▸ Work required
In the lines below, count those containing the word "Life" and give the number alone.

▸ Dataset entries
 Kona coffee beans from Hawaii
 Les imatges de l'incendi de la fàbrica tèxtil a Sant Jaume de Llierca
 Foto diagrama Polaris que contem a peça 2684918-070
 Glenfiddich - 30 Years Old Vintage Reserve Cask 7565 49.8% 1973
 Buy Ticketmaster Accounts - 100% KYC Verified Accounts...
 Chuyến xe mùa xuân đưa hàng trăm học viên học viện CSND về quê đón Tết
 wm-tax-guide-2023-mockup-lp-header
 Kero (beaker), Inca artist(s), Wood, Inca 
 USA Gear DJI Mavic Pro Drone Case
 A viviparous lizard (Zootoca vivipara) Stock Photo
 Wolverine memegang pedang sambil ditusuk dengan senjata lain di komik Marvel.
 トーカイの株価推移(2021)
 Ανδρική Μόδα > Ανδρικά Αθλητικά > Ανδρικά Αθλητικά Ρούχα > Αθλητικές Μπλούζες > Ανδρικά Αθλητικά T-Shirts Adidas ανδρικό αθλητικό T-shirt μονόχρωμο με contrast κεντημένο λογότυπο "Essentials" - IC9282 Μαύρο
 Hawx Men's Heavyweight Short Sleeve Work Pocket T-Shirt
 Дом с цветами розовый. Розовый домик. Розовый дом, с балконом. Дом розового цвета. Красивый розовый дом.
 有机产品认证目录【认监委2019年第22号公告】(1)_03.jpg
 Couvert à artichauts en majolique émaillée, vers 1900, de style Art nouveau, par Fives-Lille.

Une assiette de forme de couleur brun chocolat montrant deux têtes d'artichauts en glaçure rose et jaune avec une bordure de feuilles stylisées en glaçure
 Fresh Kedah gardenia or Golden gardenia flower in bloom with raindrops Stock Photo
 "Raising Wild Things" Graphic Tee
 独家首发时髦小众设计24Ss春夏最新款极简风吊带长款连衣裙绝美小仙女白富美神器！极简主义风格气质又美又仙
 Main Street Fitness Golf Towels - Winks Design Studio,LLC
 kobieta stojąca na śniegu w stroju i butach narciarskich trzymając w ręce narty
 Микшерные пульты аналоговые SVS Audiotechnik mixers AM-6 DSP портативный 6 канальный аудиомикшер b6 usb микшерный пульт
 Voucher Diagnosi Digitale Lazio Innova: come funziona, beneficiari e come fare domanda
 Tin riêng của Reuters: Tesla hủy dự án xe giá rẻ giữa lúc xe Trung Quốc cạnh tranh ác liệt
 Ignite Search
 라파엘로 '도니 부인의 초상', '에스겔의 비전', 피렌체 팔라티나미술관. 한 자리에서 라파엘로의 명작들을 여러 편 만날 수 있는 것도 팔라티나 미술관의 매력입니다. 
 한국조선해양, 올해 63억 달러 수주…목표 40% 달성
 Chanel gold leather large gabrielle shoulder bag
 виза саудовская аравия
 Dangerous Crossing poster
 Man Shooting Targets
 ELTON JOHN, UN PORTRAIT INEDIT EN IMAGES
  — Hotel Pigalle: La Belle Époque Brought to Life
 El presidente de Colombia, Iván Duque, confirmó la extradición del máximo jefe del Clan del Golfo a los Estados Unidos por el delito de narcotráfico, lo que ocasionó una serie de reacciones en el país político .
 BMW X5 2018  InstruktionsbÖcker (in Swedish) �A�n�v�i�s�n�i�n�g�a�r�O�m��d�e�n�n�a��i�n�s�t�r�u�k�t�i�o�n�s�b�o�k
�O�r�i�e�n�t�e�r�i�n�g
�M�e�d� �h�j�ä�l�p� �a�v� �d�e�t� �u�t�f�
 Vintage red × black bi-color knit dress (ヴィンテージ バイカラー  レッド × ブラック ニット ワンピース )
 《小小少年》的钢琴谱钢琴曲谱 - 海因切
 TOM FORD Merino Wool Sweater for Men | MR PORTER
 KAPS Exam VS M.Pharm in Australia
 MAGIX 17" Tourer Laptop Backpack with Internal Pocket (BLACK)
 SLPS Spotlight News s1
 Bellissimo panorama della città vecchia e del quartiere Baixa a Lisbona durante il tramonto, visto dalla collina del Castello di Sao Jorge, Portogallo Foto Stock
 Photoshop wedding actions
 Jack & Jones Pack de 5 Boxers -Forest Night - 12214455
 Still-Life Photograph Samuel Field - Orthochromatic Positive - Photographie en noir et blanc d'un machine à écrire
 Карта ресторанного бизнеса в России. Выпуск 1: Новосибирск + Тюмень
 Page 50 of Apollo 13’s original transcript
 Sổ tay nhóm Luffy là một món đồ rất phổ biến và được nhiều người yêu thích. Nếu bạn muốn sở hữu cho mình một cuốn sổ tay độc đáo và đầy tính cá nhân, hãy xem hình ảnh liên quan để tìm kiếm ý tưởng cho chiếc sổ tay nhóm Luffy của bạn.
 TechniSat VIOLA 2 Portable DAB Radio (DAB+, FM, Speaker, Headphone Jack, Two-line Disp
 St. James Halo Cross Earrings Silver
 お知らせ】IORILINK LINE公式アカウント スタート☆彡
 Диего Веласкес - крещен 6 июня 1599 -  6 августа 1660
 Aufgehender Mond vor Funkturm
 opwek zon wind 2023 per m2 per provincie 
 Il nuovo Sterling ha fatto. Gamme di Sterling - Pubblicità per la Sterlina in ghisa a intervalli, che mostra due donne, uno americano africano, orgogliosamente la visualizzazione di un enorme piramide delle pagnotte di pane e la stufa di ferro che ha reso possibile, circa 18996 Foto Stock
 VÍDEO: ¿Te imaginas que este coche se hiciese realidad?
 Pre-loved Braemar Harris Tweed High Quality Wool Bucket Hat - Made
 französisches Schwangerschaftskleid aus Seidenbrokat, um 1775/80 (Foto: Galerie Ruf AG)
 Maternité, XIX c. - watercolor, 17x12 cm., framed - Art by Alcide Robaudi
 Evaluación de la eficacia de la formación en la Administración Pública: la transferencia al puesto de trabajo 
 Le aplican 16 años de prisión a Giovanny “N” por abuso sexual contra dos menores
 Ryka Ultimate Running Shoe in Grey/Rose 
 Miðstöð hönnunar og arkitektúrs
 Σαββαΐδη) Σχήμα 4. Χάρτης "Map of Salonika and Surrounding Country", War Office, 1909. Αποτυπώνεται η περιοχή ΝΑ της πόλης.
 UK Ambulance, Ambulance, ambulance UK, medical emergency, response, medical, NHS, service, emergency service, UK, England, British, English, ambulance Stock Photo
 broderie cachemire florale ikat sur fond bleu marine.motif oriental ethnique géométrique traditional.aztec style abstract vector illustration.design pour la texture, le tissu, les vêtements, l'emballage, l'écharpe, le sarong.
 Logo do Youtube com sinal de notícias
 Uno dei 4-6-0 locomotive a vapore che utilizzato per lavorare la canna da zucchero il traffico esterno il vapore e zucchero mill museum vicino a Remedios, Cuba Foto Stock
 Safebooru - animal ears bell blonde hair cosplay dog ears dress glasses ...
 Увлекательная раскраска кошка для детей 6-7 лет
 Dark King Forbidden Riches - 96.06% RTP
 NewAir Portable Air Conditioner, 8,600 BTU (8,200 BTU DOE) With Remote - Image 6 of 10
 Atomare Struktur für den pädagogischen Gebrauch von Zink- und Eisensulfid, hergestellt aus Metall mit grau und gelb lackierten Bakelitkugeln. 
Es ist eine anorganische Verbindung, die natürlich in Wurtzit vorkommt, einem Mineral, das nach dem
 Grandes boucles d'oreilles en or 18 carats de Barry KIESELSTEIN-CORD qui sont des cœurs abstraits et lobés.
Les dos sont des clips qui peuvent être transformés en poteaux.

▸ Task result
2